Because I am a film noir fan, I looked forward to The Good German (2006). Shot in black and white in classic film noir style, Steven Soderbergh’s film is disappointing, and the problem is the script. If I came to you with this pitch, would you go for it?
Pitch: An American reporter returns to Berlin in the summer of 1945 to cover the Potsdam conference, although he never does. His assigned military driver is a sleazy American serviceman making money on the black market and pimping his German woman. The driver soon shows up dead, and the reporter goes after the woman, who used to be his secretary/”stringer” and lover. Unfortunately, the woman is essentially dead, soul-less, her eyes never once flickering with life. Was it because she was raped by a Russian? Apparently not. And why is everyone after her husband who is supposed to be dead but is apparently not? Because he was the personal secretary for a Nazi scientist who made rockets in a brutal concentration camp factory, and the Americans are trying to make the brilliant scientist a fine, upstanding American. As the soul-less woman finally wangles her pass to freedom and walks toward the airplane, she tells the reporter that her crime was turning in a dozen fellow Jews to the Gestapo so that she could survive. The end.
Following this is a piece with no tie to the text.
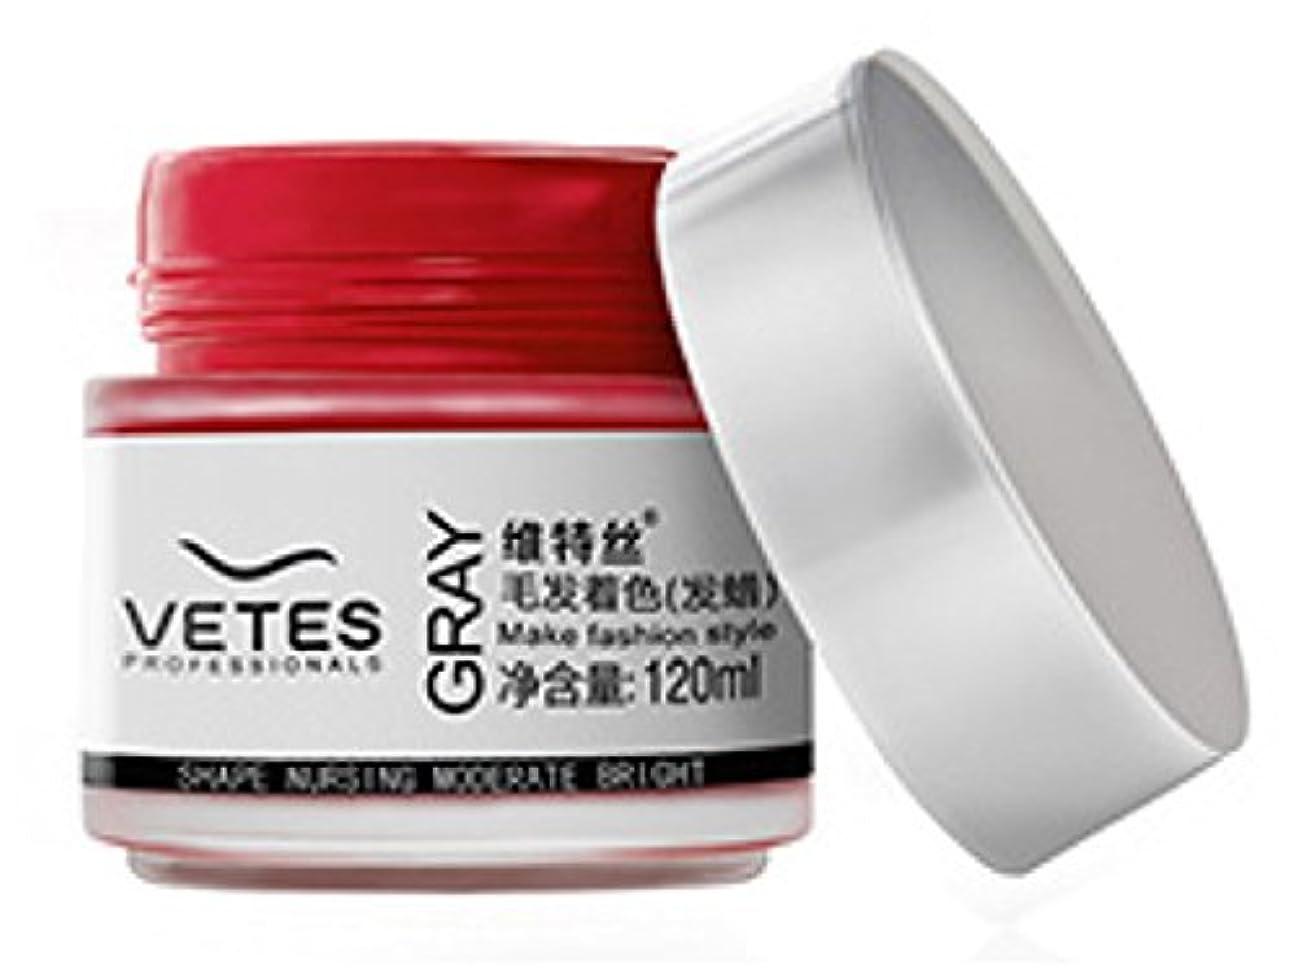 モナリザグラス対称BEAUTY VEIL ヘアカラーワックス 6色 高彩度 大容量 120g ヘアスタイリング オシャレ染め (レッド)
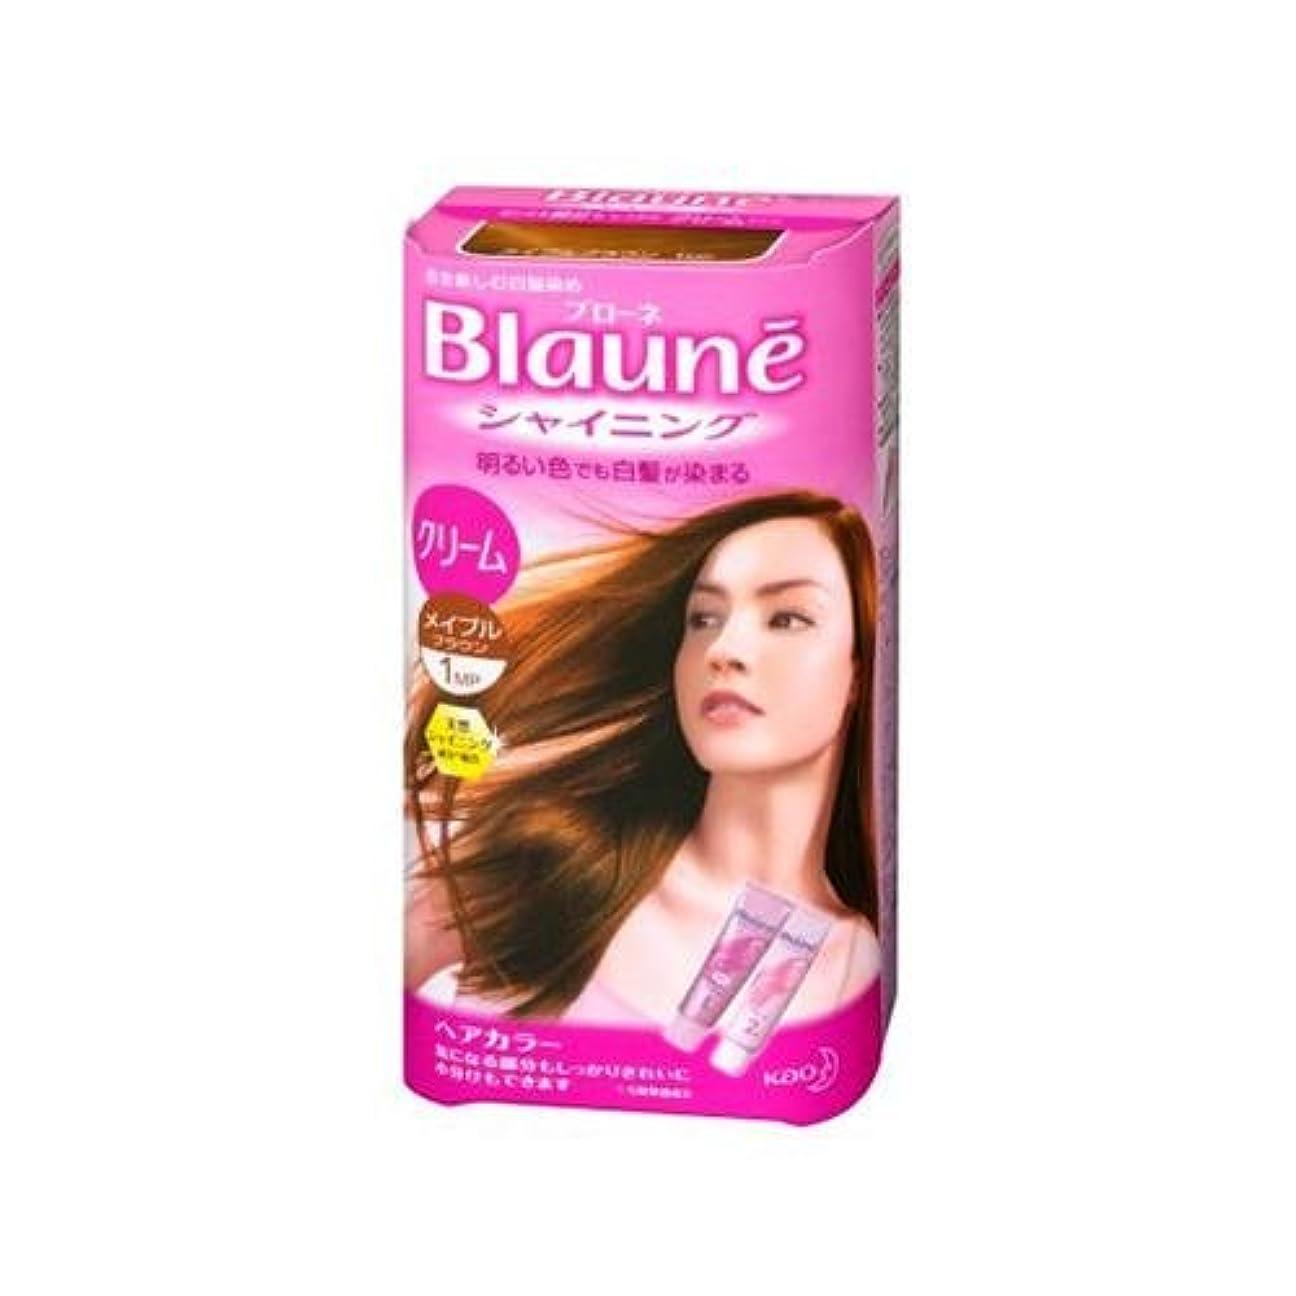 薄暗い定義するレスリング花王 ブローネ シャイニングヘアカラー クリーム 1剤50g/2剤50g(医薬部外品)《各50g》<カラー:メイプルBR>

Such a script has major problems. There is no one the viewer can identify with. The reporter is so vague he floats through the movie. We never see him report anything. This is in stark contrast to old film noir-style movies that would have had a bustling newspaper office with noisy typewriters. Worse, he wears a military uniform because the US Army insisted, but instead of acting military, he usually just gets beaten up and told to watch his step. Nor does he have any of the a) righteousness or b) conflicted morality of traditional film noir characters. He wants desperately to find out what is going on with the woman and with her mysterious husband, but she is clearly a burned out wreck not worth the dogged effort. We wonder what is motivating this man. We don’t identify with the broken woman because we never see her any other way—she is just a heartless prostitute looking out for number one—and because we have no idea what happened to her until the last two minutes of the movie. This points to the other major problem besides the characters: the plot. The major plot concerns the woman’s husband and the brilliant scientist, but we hardly see them and have no reason to care. The other plot is the reporter’s attempt to re-establish a connection with his old lover, and this includes finding out what happened to her. But we are given no clues whatsoever that she betrayed fellow Jews until she announces the sordid fact in the last two minutes of the movie.